IV. Physical Institute-Solids and Nanostructures, University of Göttingen, Göttingen, Germany.
Department of Electrical Engineering, University of California, Los Angeles, CA, USA.
Science. 2017 Apr 7;356(6333):50-54. doi: 10.1126/science.aal5326.

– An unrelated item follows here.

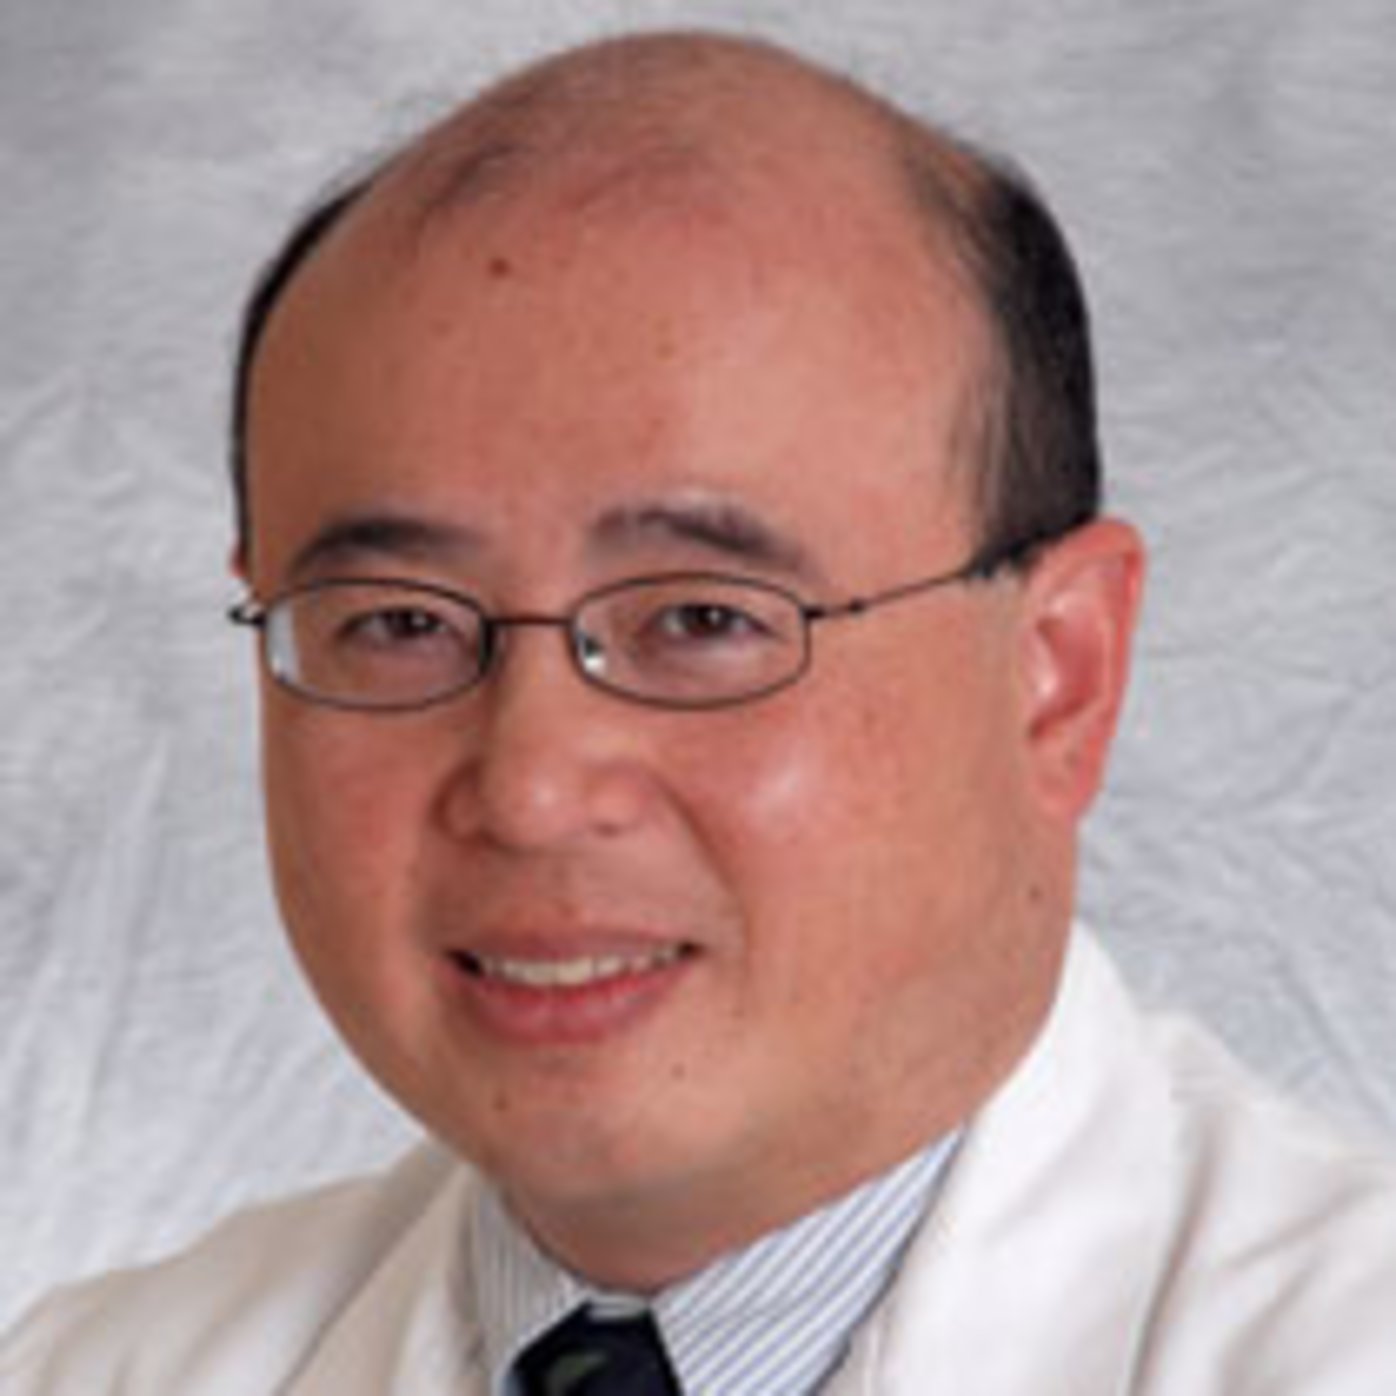 Dr. Jack Hsiao

Solitons, particle-like excitations ubiquitous in many fields of physics, have been shown to exhibit bound states akin to molecules. The formation of such temporal soliton bound states and their internal dynamics have escaped direct experimental observation. By means of an emerging time-stretch technique, we resolve the evolution of femtosecond soliton molecules in the cavity of a few-cycle mode-locked laser. We track two- and three-soliton bound states over hundreds of thousands of consecutive cavity roundtrips, identifying fixed points and periodic and aperiodic molecular orbits. A class of trajectories acquires a path-dependent geometrical phase, implying that its dynamics may be topologically protected. These findings highlight the importance of real-time detection in resolving interactions in complex nonlinear systems, including the dynamics of soliton bound states, breathers, and rogue waves.
孤子,这种在物理学许多领域普遍存在的类粒子激发,已被证明具有类似于分子的束缚态。这种时间孤子束缚态的形成及其内部动力学一直无法通过直接实验观察到。通过新兴的时间拉伸技术,我们解决了在几周期锁模激光腔中的飞秒孤子分子的演化。我们在数十万次连续腔循环中跟踪双孤子和三孤子束缚态,确定了固定点和周期性和非周期性分子轨道。一类轨迹获得了与路径相关的几何相位,这意味着其动力学可能受到拓扑保护。这些发现强调了实时检测在解决复杂非线性系统中相互作用的重要性,包括孤子束缚态、呼吸子和不规则波的动力学。